EXERCISE DATA:
----

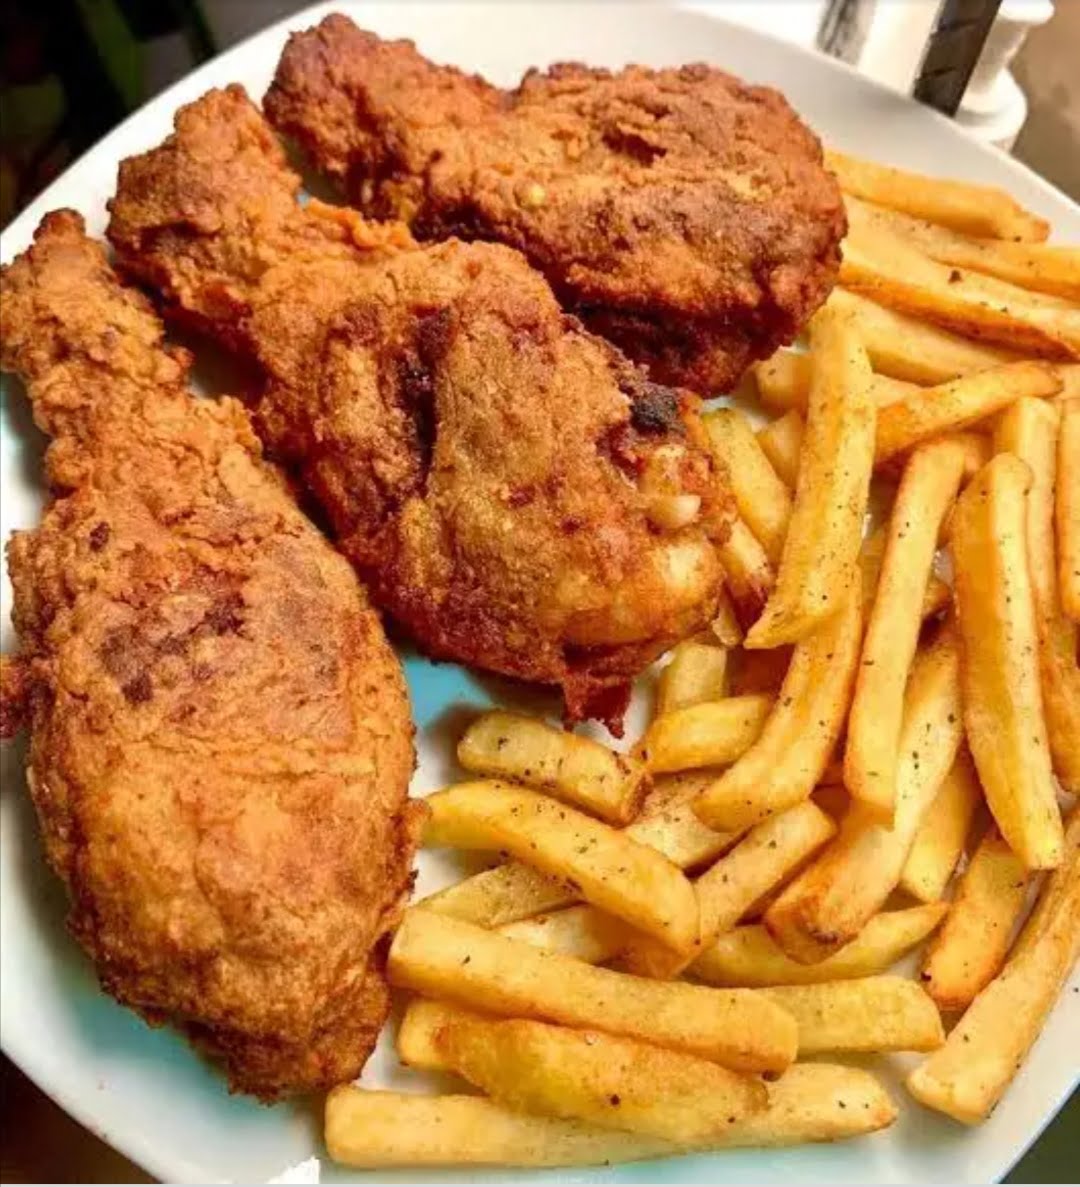 Home style fried chicken and chips
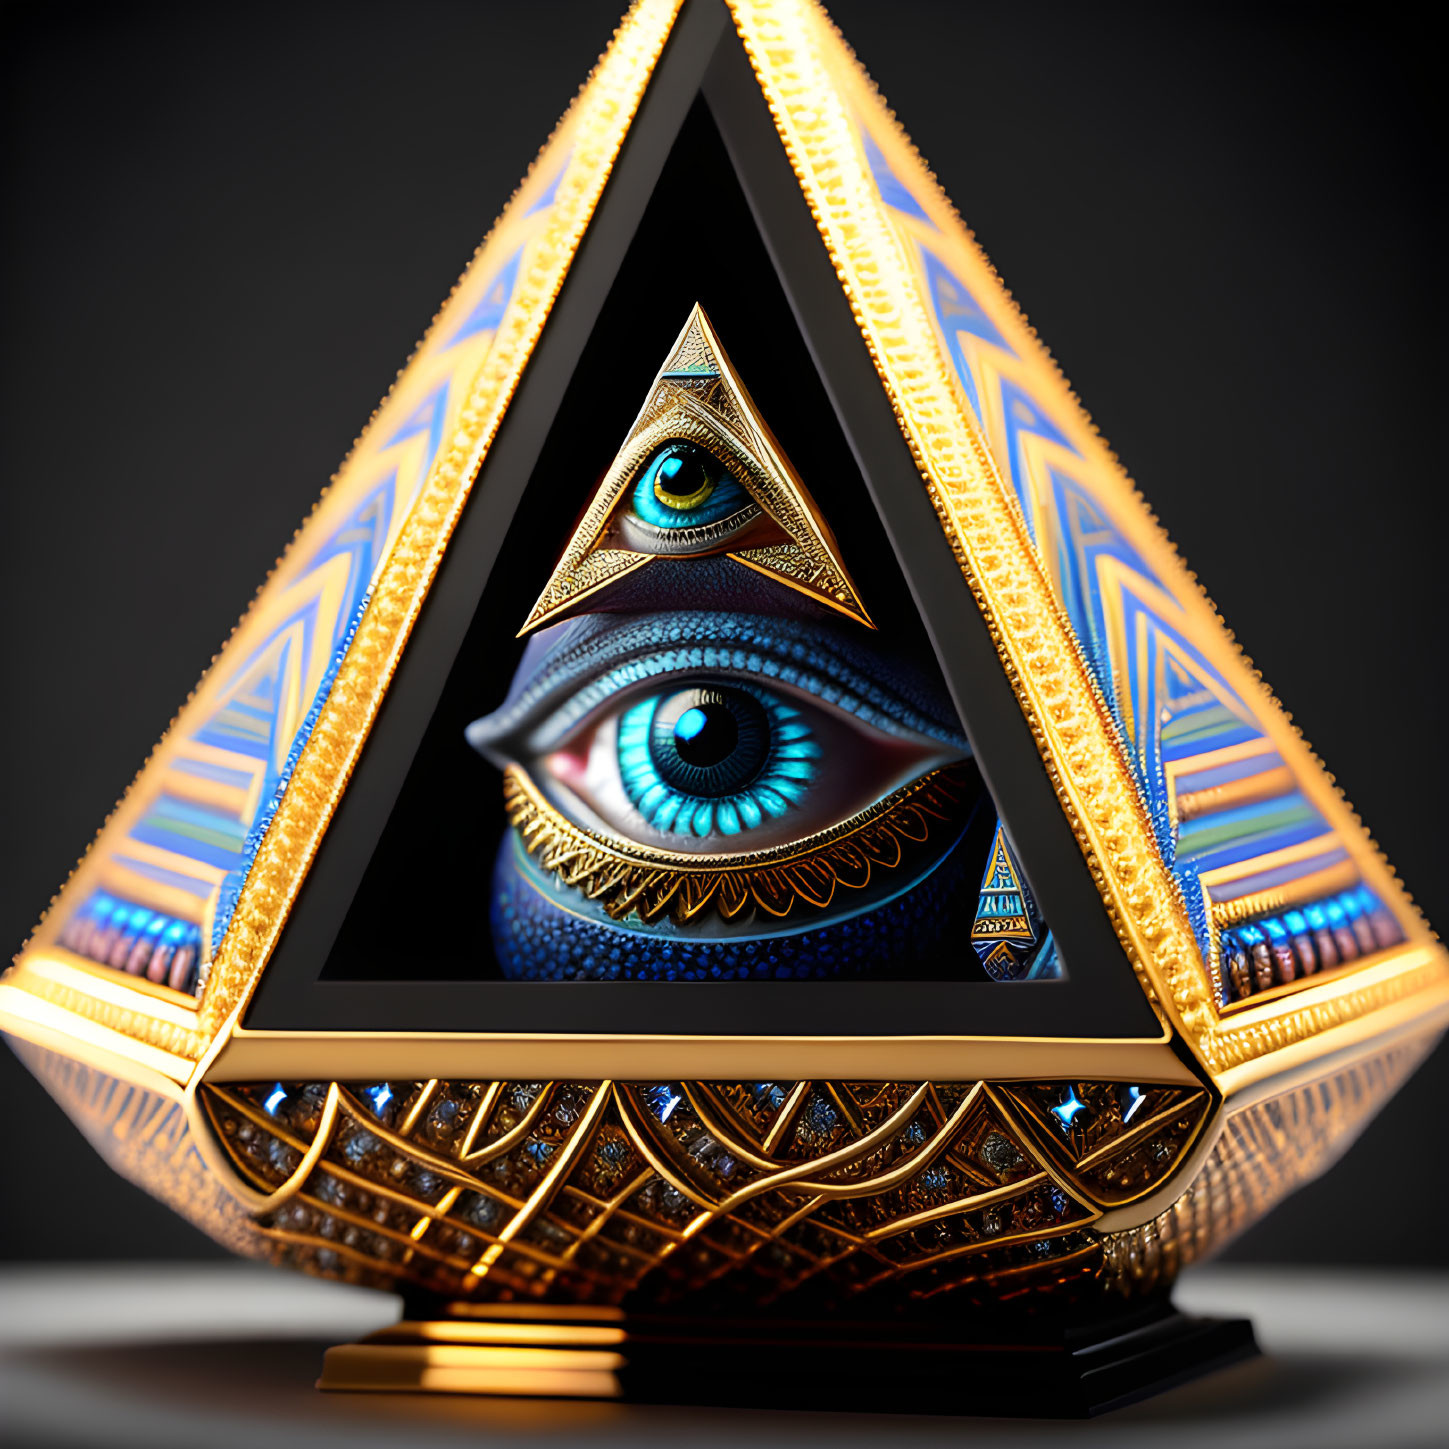 Surreal eye design in ornate triangular frame with intricate details
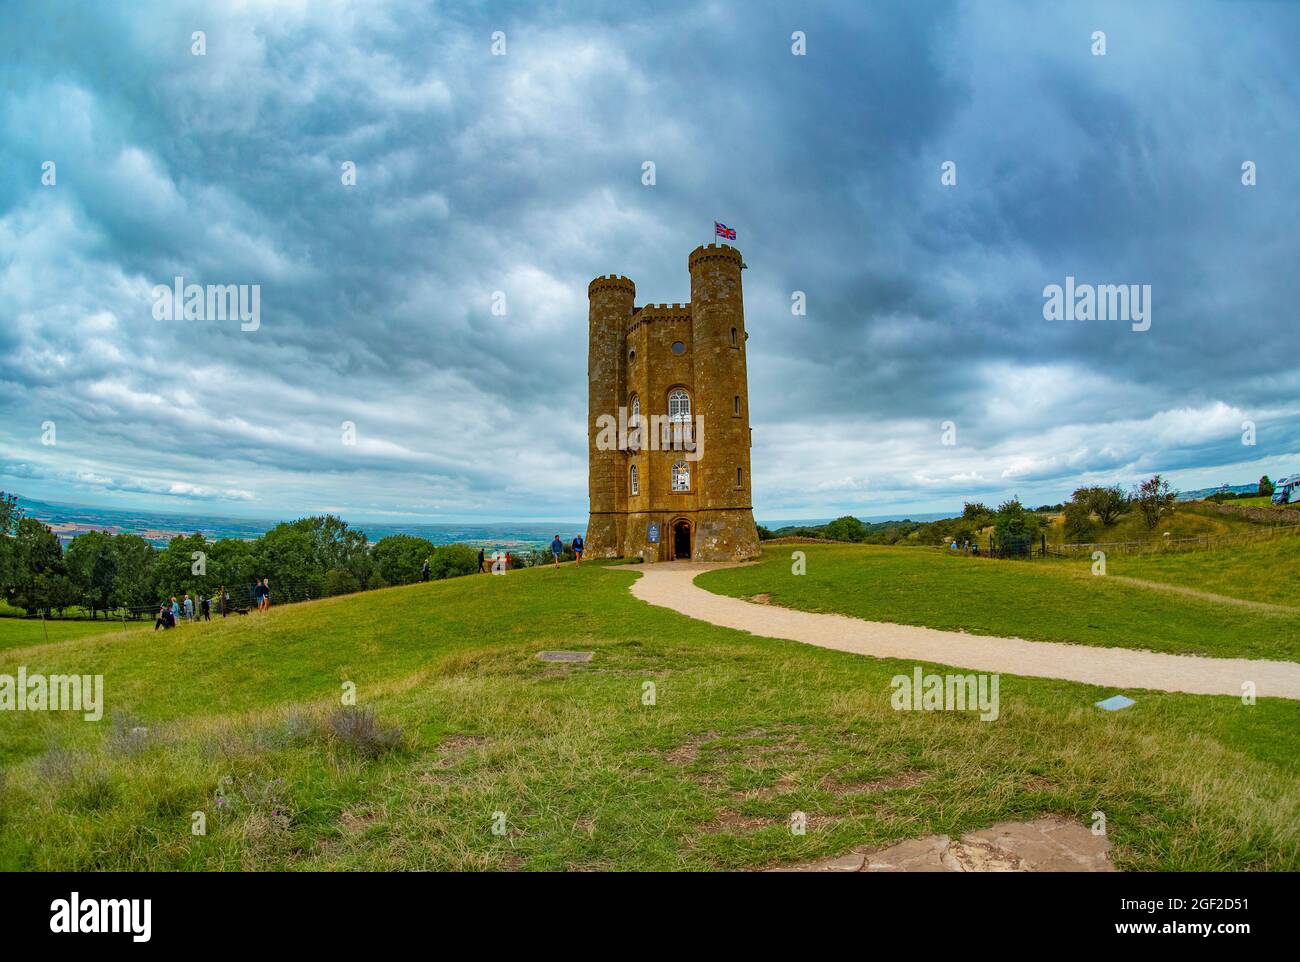 Broadway Tower, The Cotswolds, Worcestershire, UK Landscape, 2021 Stock Photo

----

WHAT TO DO:
After removing the pictures, restate the whole listing above word for word.

ANSWER SECTION:
 Home style fried chicken and chips
 Surreal eye design in ornate triangular frame with intricate details
 Broadway Tower, The Cotswolds, Worcestershire, UK Landscape, 2021 Stock Photo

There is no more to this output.